§ RECORDED INFORMATION:
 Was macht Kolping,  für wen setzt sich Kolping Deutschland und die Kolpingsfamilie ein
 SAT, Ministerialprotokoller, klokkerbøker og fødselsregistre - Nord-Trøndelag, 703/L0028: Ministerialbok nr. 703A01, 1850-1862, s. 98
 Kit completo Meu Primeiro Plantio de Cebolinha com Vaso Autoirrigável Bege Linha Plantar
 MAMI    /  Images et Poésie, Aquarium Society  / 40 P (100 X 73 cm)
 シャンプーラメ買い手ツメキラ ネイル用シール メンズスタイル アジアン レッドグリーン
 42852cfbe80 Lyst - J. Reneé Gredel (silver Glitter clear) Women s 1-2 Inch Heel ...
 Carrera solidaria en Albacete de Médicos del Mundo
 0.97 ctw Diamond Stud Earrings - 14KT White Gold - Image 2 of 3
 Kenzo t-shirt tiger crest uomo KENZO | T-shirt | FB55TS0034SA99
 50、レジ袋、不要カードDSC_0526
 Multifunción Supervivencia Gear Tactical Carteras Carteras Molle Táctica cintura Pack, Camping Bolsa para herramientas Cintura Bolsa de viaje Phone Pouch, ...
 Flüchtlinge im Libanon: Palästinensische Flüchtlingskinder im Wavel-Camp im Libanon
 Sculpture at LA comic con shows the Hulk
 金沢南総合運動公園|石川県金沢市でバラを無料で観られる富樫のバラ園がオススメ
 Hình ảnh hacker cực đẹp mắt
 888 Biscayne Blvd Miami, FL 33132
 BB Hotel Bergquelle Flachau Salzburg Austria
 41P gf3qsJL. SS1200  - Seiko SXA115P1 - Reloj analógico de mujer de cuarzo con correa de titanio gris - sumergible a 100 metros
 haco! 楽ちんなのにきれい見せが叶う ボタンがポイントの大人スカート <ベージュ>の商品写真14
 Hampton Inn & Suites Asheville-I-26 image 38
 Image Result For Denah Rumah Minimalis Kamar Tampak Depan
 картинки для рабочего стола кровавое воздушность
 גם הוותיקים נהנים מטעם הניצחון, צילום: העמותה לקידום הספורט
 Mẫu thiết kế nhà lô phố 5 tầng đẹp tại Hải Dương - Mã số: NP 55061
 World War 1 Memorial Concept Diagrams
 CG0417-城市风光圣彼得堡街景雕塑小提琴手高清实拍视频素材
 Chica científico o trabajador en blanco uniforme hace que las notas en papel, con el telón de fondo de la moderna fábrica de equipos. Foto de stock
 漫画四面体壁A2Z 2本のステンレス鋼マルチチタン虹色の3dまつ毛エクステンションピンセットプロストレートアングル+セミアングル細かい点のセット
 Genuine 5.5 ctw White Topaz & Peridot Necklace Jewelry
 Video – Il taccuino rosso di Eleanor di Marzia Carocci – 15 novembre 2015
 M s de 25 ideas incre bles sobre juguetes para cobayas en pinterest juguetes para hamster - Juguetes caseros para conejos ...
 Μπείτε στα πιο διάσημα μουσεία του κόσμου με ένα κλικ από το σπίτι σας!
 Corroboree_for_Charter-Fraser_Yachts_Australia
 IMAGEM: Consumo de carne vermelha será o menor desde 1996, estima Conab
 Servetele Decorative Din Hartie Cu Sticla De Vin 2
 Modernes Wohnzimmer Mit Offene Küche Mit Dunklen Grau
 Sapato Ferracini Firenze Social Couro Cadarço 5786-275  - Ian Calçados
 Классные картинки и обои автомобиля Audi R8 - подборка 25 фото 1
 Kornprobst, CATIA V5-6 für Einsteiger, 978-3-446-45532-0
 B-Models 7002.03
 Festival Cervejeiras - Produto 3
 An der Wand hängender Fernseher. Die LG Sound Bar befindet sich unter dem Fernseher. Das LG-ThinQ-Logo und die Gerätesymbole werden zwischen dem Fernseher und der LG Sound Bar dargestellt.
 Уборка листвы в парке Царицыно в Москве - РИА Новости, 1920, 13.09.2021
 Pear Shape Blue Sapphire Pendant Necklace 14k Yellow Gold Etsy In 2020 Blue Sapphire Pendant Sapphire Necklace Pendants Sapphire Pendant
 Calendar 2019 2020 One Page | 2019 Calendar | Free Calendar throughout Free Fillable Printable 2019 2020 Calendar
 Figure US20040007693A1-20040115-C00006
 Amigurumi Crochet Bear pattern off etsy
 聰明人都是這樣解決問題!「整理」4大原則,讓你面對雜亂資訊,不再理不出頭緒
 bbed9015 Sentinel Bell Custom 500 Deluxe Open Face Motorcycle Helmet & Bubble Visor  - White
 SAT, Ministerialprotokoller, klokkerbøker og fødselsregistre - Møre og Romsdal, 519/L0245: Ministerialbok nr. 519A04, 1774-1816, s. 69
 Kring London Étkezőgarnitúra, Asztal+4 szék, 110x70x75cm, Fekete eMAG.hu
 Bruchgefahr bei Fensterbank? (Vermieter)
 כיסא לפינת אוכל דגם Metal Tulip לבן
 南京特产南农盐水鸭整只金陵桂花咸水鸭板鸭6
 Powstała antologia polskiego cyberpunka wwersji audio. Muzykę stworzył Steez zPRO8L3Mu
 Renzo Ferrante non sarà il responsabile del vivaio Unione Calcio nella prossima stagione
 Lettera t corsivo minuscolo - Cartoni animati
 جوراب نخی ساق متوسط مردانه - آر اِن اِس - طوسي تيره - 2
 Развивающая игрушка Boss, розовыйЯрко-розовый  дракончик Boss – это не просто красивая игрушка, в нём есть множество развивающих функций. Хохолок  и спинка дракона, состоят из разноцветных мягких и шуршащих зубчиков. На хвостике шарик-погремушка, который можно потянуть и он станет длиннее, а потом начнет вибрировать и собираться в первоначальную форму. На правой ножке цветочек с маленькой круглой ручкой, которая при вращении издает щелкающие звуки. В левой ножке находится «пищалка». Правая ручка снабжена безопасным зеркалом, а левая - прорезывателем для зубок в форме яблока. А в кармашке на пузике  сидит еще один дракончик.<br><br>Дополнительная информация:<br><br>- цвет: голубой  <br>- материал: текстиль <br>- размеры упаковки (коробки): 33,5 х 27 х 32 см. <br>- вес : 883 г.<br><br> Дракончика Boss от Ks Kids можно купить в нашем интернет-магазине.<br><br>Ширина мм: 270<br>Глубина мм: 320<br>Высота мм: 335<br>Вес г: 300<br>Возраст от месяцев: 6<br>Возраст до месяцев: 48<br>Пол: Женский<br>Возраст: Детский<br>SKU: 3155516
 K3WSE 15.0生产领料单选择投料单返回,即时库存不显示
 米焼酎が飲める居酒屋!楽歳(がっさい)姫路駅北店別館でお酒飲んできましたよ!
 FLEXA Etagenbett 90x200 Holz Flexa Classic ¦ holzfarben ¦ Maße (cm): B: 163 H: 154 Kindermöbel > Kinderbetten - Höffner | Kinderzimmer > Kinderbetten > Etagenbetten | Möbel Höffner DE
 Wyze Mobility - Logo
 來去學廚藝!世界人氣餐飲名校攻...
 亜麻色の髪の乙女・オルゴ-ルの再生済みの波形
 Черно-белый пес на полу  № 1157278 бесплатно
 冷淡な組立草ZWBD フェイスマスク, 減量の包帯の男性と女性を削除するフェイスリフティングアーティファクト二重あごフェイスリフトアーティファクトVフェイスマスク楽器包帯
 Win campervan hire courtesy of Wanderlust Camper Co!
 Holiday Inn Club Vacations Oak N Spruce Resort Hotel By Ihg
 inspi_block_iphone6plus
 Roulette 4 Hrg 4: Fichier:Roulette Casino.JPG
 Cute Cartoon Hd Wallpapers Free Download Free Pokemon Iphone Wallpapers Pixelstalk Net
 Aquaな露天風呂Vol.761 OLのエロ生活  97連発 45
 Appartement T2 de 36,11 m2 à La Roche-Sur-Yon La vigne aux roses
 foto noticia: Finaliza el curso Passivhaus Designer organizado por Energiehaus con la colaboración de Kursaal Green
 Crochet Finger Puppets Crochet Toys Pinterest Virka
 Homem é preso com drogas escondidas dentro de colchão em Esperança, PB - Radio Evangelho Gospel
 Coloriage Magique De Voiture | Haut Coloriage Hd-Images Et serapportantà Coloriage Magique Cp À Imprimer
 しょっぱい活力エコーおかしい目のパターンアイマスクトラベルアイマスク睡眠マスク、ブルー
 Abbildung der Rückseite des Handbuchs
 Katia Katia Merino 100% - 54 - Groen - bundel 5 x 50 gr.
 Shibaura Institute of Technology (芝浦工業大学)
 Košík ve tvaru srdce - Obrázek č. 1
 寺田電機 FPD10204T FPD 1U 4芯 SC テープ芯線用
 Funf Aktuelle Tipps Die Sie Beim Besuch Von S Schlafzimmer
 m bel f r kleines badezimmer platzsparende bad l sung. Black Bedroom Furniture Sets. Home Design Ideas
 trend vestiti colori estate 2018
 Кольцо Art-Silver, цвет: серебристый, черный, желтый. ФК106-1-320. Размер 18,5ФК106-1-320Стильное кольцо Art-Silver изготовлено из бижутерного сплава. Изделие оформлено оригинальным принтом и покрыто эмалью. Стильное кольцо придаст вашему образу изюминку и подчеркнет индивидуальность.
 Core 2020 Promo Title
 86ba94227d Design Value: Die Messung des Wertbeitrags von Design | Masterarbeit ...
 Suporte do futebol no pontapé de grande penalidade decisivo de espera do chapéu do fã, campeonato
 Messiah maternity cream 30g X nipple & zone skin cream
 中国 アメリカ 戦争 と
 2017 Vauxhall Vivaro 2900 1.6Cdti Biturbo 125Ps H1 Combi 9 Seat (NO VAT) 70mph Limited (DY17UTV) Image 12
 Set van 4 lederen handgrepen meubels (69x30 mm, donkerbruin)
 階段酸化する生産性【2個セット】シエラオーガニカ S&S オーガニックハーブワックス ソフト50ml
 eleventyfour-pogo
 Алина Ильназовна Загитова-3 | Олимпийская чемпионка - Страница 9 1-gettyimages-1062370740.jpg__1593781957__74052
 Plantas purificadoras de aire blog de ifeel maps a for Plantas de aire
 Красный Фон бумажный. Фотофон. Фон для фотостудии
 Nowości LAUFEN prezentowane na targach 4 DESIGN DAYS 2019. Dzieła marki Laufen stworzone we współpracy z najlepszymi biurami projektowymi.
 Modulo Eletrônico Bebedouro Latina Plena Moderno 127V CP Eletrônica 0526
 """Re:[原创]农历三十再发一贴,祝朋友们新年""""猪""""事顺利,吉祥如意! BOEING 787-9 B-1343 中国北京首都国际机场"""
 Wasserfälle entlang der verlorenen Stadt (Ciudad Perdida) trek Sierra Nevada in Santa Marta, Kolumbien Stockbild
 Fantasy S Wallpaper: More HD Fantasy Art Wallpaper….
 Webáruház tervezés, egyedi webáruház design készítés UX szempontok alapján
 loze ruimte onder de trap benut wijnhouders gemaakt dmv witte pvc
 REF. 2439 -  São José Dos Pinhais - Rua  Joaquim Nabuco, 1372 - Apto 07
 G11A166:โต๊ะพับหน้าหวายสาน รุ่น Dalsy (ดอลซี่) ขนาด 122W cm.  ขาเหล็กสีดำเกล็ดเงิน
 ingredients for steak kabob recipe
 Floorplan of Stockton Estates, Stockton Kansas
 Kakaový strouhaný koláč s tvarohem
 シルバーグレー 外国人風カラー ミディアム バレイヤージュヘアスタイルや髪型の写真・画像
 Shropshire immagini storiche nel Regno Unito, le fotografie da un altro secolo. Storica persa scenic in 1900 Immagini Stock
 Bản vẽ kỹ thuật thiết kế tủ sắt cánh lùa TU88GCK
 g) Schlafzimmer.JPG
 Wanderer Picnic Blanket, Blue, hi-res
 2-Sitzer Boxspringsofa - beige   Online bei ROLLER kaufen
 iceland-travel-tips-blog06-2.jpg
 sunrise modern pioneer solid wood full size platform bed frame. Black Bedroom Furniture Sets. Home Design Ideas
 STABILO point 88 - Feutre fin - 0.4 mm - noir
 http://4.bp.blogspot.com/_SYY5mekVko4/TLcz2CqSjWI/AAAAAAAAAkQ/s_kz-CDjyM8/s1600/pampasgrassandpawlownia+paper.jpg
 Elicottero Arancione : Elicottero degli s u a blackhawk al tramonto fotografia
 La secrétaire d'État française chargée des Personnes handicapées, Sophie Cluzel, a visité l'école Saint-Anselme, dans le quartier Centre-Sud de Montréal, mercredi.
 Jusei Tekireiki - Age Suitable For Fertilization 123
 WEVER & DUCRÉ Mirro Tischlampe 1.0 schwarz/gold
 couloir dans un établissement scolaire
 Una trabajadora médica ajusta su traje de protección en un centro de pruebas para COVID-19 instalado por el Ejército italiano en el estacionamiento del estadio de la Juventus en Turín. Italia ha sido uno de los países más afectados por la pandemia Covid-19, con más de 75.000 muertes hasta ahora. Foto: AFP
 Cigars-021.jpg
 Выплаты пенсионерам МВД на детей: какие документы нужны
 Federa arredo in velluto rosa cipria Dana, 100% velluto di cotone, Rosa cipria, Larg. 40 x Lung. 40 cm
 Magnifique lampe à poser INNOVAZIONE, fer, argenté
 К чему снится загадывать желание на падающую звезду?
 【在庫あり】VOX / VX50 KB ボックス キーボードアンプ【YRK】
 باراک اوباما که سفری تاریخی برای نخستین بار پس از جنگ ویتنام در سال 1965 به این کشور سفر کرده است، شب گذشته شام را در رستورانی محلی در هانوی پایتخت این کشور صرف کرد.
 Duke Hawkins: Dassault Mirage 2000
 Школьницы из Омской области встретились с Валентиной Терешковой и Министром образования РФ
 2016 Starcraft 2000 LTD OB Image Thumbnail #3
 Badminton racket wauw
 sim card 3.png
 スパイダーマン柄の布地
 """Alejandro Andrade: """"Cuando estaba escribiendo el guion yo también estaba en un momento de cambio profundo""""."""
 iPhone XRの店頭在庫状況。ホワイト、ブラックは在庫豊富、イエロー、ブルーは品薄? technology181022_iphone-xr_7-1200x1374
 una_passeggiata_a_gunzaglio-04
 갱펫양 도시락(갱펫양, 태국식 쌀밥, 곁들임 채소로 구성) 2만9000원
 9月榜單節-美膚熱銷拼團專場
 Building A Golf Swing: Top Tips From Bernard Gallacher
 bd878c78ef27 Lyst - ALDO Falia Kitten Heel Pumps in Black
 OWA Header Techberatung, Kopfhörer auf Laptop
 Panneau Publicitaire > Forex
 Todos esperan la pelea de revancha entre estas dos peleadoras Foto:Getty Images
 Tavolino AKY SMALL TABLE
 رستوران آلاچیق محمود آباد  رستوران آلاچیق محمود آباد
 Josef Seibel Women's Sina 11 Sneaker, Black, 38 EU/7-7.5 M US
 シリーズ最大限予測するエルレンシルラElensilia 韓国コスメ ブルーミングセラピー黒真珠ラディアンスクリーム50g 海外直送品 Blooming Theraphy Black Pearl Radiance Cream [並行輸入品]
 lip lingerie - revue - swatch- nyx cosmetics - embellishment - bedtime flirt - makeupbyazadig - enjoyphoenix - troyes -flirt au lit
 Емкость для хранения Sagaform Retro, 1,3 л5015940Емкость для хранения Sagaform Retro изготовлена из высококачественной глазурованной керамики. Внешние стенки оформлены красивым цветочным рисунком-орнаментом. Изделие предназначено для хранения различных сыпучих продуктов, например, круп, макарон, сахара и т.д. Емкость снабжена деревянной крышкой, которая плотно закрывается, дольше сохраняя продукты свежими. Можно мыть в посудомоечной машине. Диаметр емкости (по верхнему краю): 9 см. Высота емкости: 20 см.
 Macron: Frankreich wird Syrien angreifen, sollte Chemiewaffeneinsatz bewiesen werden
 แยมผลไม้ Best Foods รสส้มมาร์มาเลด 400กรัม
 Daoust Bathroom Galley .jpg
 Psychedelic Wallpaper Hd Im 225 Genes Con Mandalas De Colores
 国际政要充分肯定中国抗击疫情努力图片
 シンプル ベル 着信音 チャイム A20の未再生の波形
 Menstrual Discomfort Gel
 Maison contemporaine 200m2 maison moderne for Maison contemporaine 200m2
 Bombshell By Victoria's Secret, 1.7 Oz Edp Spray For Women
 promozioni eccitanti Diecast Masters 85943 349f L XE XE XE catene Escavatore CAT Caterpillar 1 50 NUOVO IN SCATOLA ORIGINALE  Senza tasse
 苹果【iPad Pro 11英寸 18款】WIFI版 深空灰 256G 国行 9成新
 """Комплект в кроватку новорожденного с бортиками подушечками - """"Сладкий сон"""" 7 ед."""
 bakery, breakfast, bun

§ BRIEF: From the material above, copy exactly the lines between the line holding "Kornprobst, CATIA V5-6" and the line holding "Amigurumi Crochet Bear pattern off etsy", inclusive, and only those.

§ WRITTEN ANSWER:
 Kornprobst, CATIA V5-6 für Einsteiger, 978-3-446-45532-0
 B-Models 7002.03
 Festival Cervejeiras - Produto 3
 An der Wand hängender Fernseher. Die LG Sound Bar befindet sich unter dem Fernseher. Das LG-ThinQ-Logo und die Gerätesymbole werden zwischen dem Fernseher und der LG Sound Bar dargestellt.
 Уборка листвы в парке Царицыно в Москве - РИА Новости, 1920, 13.09.2021
 Pear Shape Blue Sapphire Pendant Necklace 14k Yellow Gold Etsy In 2020 Blue Sapphire Pendant Sapphire Necklace Pendants Sapphire Pendant
 Calendar 2019 2020 One Page | 2019 Calendar | Free Calendar throughout Free Fillable Printable 2019 2020 Calendar
 Figure US20040007693A1-20040115-C00006
 Amigurumi Crochet Bear pattern off etsy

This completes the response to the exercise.